IMDb Sentiment Analysis
Overview
This work tackles binary sentiment (positive vs negative) on the public IMDb review benchmark (50k reviews). The pipeline runs from raw text cleanup through TF-IDF features for classical models up to a CNN-LSTM hybrid that reaches about 90% accuracy in the reported experiments. In total, eleven model families were trained and compared side by side so the lift from traditional ML to deep sequence modeling is easy to see.
Everything needed to reproduce figures and metrics lives in the open imdb-sentiment-analysis repository on GitHub, including notebooks and PDF write-ups.
Deliverables
- A reproducible preprocessing and baseline notebook (Main.ipynb): cleaning, normalization, TF-IDF features, and classical model runs.
- A dedicated CNN-LSTM notebook (CNN_LSTM.ipynb) for the hybrid architecture and training configuration that peaks near 90% accuracy.
- A formal written report (PDF) covering methods, comparisons, and results.
- A slide-style presentation (PDF) summarizing the project for a quick read.
Technology stack
- Language: Python in Jupyter Notebook.
- NLP foundations: text cleaning, stemming/lemmatization, tokenization, TF-IDF vectorization.
- Classical ML: models such as logistic regression and random forest on sparse TF-IDF inputs (alongside other baselines in the eleven-model sweep).
- Deep learning: CNN-LSTM hybrid for sequence-friendly sentiment classification.

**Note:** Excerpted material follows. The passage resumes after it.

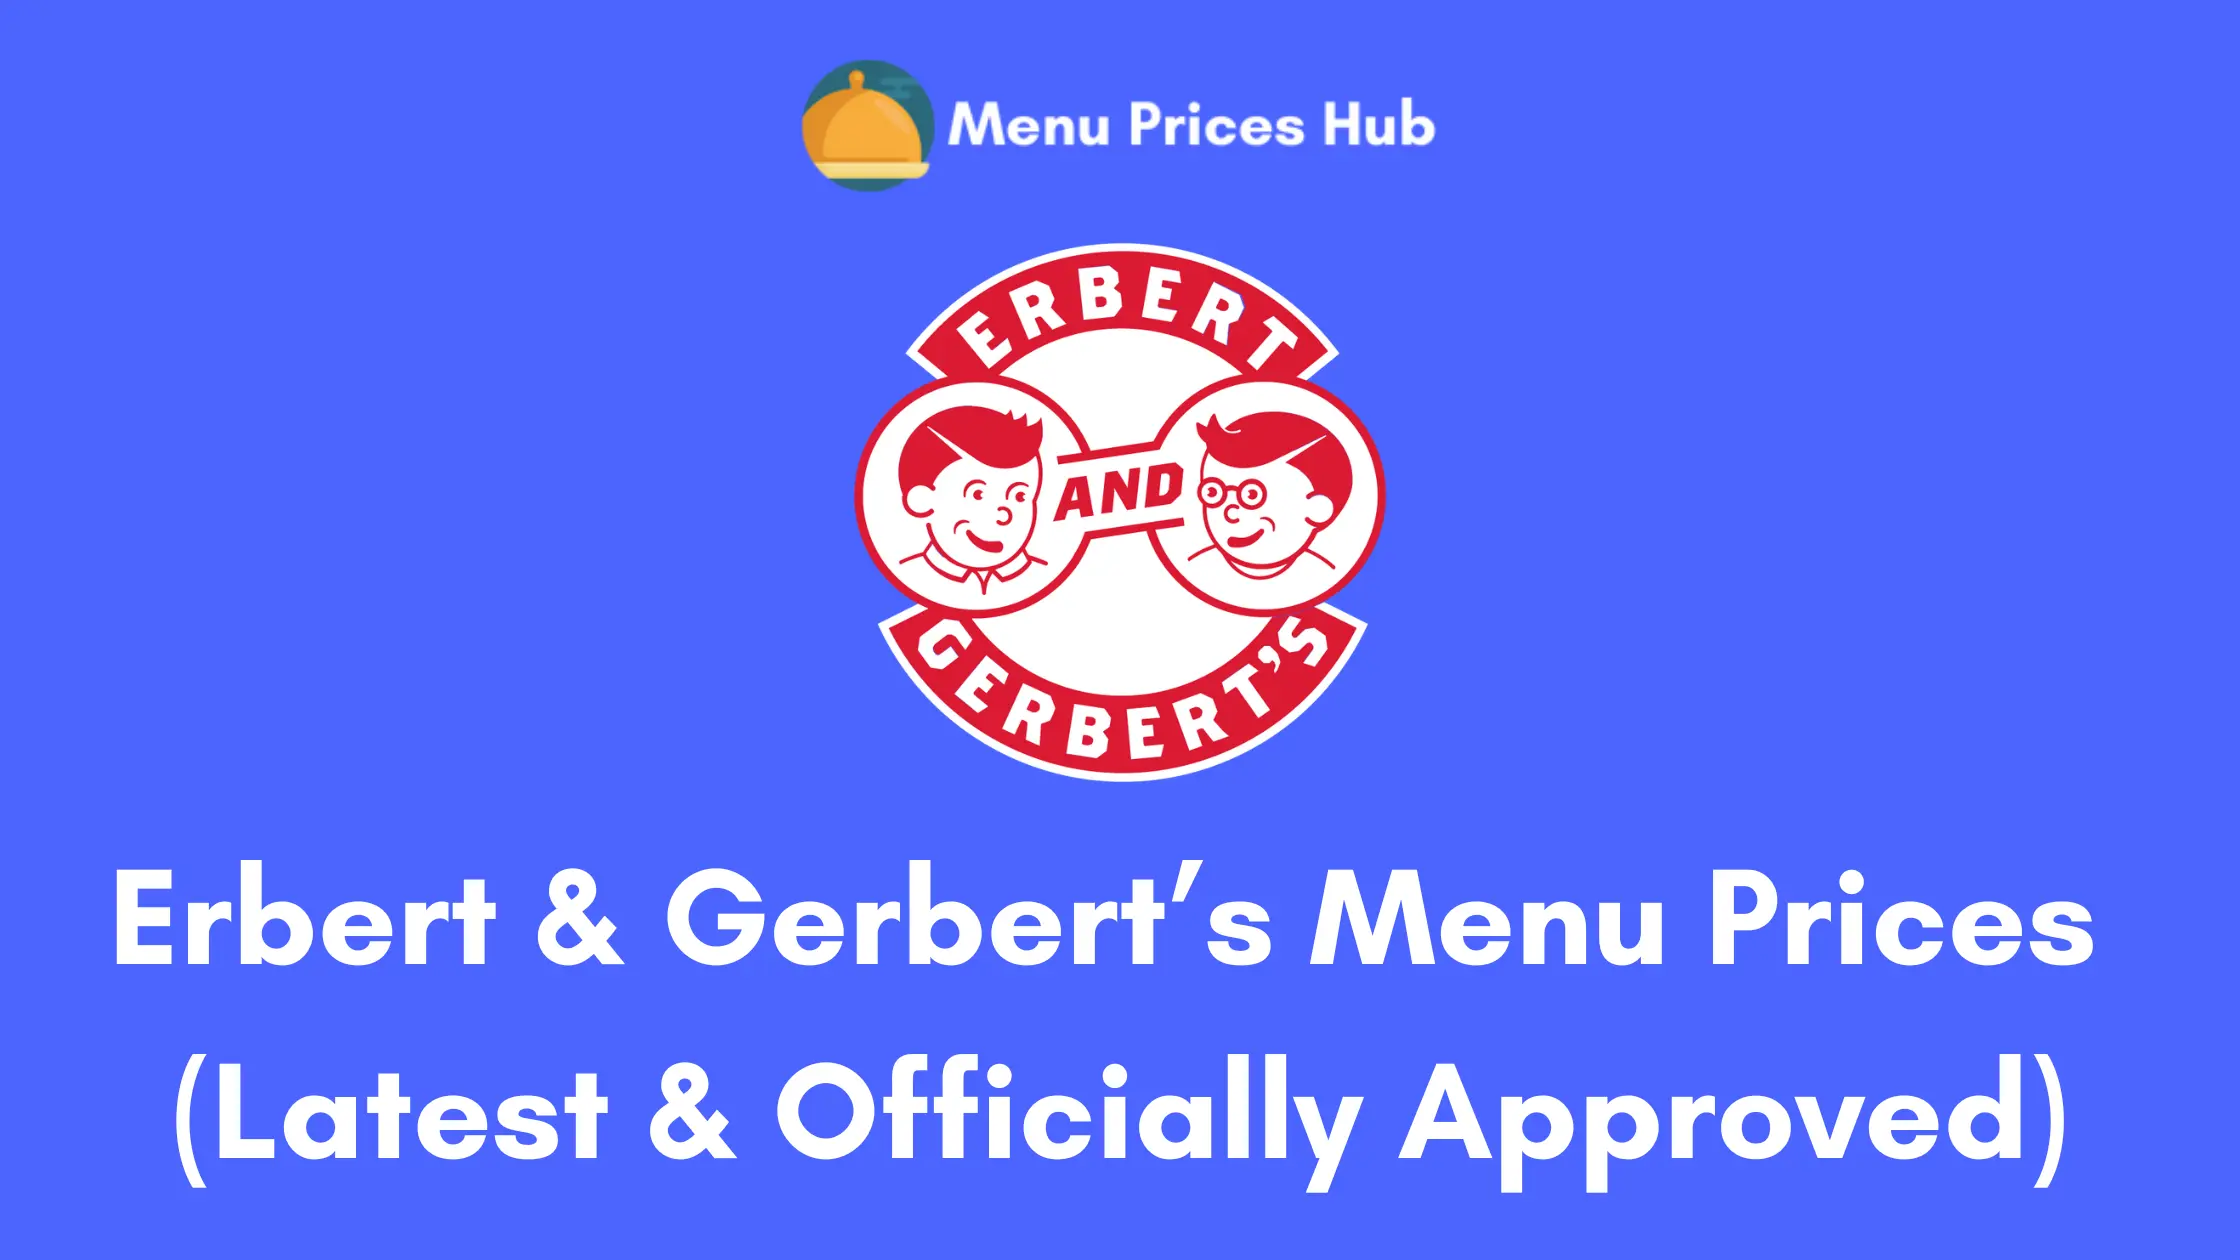 erbert & gerbert’s menu prices

Preprocessing and features
Reviews were stripped of HTML noise, URLs, stopwords, and punctuation where appropriate, then normalized with stemming and lemmatization before tokenization. TF-IDF builds the sparse feature matrix for traditional learners; the deep model path consumes sequences suited to convolution plus LSTM stacking.
Modeling and results
The eleven-model study spans lightweight linear and ensemble methods through the CNN-LSTM design. The hybrid pairs convolutional layers for local n-gram patterns with LSTM recurrence for longer-range order in the review text. In the documented runs it lands near 90% accuracy, ahead of the classical baselines in the same benchmark setup.
Natural next steps (not implemented here) would include transformer-style encoders or ensembles, as noted in the repository README.